SEC Form 6-K filed by Kaixin Holdings
UNITED STATES
SECURITIES AND EXCHANGE COMMISSION
Washington, D.C. 20549
Form 6-K
REPORT OF FOREIGN PRIVATE ISSUER PURSUANT TO RULE 13a-16 OR 15d-16
UNDER THE SECURITIES EXCHANGE ACT OF 1934
For the month of November 2024
Commission File Number: 001-38261
Kaixin Holdings
(Registrant’s name)
Unit B2-303-137, 198 Qidi Road
Beigan Community, Xiaoshan District
Hangzhou, Zhejiang Province
People’s Republic of China
(Address of principal executive office)
Indicate by check mark whether the registrant files or will file annual reports under cover of Form 20-F or Form 40-F.
Form 20-F x Form 40-F ¨
CONTENT
Entry into a Definitive Securities Purchase Agreement
Kaixin Holdings (“Kaixin” or the “Company”) today announced it entered into a definitive securities purchase agreement (the “Purchase Agreement”) with ATW Opportunities Master Fund II LP, a company incorporated under the laws of Delaware (the “Purchaser”) on November 13, 2024. Pursuant to the Purchase Agreement, the Company agreed to sell an aggregate of 1,166,667 ordinary shares of the Company, with a par value of $0.045 per share (the “Ordinary Shares”) at a purchase price of $3.00 per share to the Purchaser (the “Offering”), representing 71.8% of the closing price of the Company on November 13, 2024. The Offering is expected to close on November 14, 2024. The Company will receive gross proceeds of $3,500,000 in connection with the Offering before deducting related offering expenses.

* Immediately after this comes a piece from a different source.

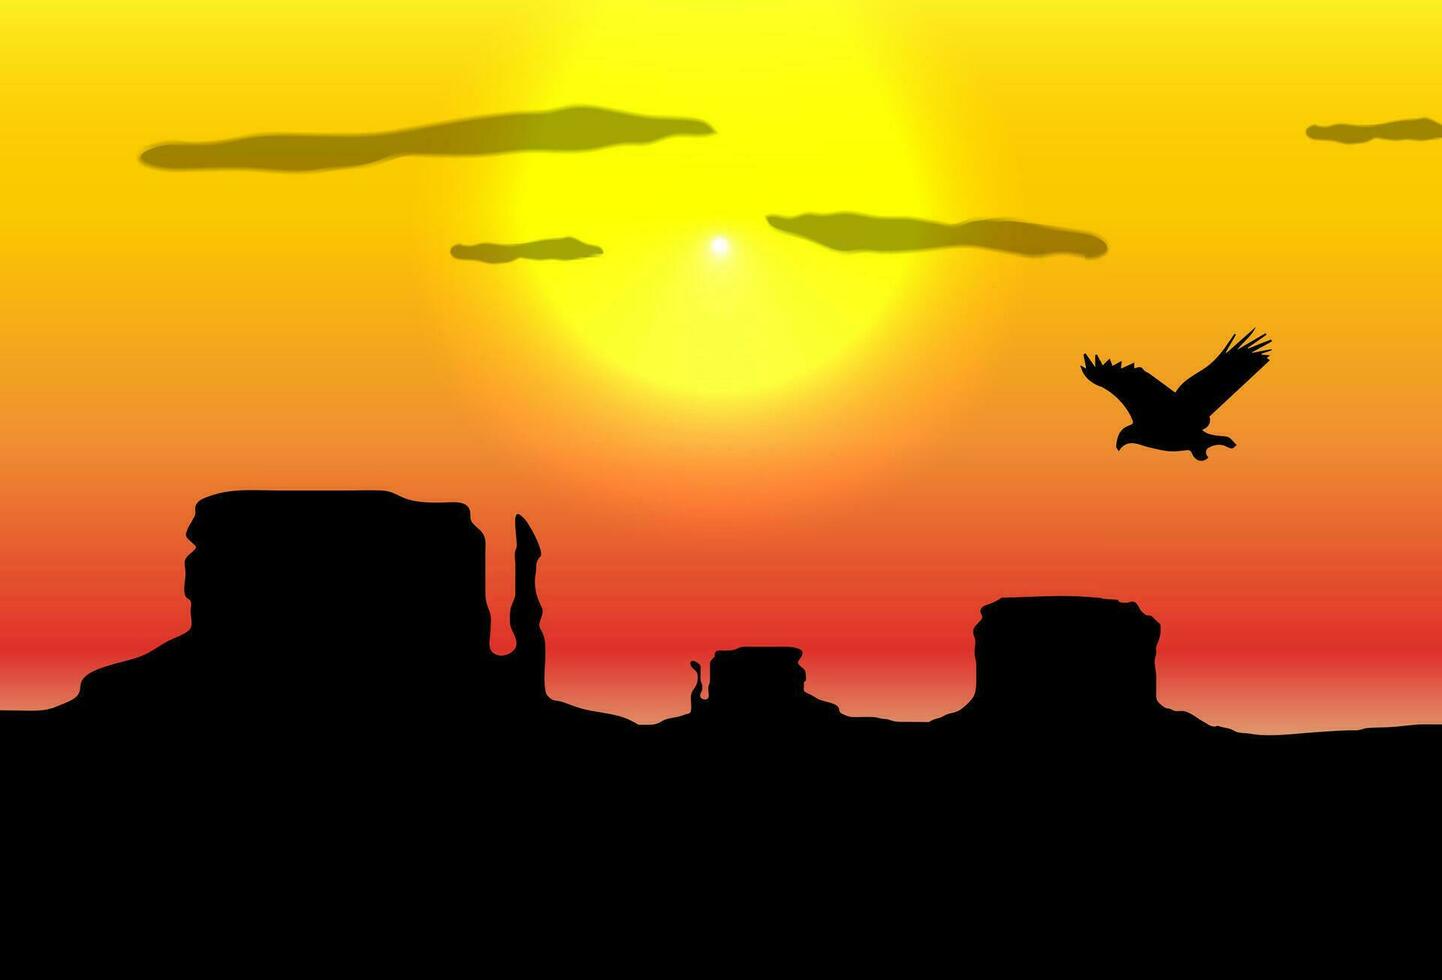 Western desert background. Rocks silhouettes. Sun and flying eagle in the sky. vector illustration
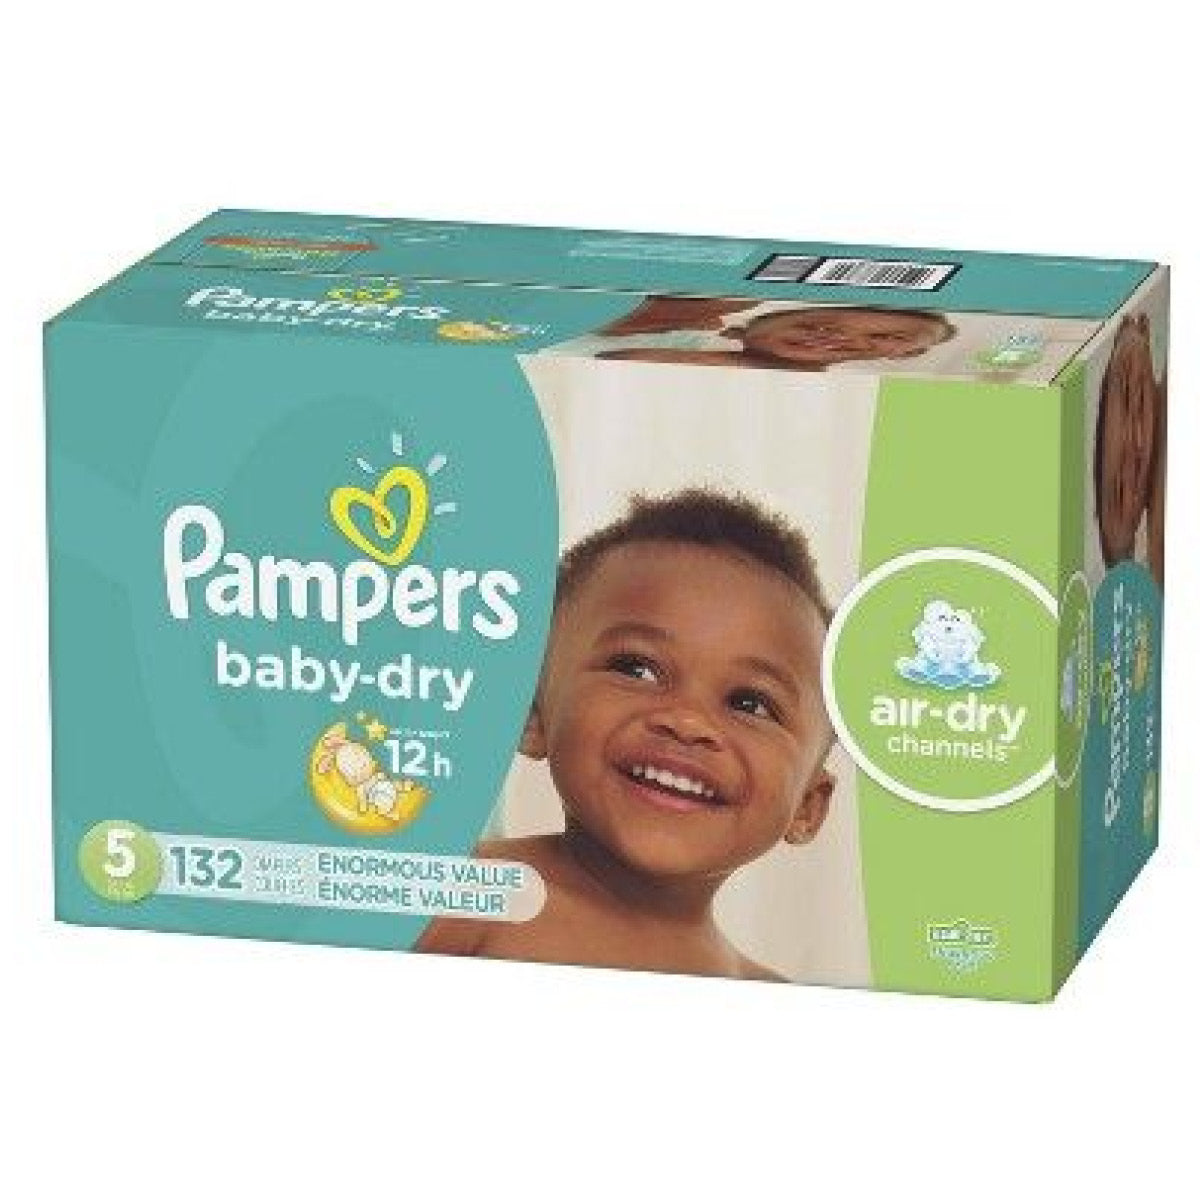 Pampers Baby Dry Diapers Size 5, 132pk

In addition to the Offering, the Company granted the Purchaser the right to purchase up to $7 million additional Ordinary Shares at a purchase price of $3.00 per share on or prior to February 14, 2025, which can be extended to November 14, 2025 if the closing prices of the Company’s Ordinary Share don’t reach certain threshold as set forth in the Purchase Agreement. The Company also granted the Purchaser rights to participate in subsequent offerings to purchase 20% of the securities being offered for a period of one year following the execution of the Purchase Agreement. The Company further agrees, among other things, to certain restrictions on securities offerings for a period of 45 days following the execution of the Purchase Agreement.
The Purchase Agreement contained customary representations, warranties and agreements of the Company and the Purchaser, as well as customary indemnification rights and obligations of the parties.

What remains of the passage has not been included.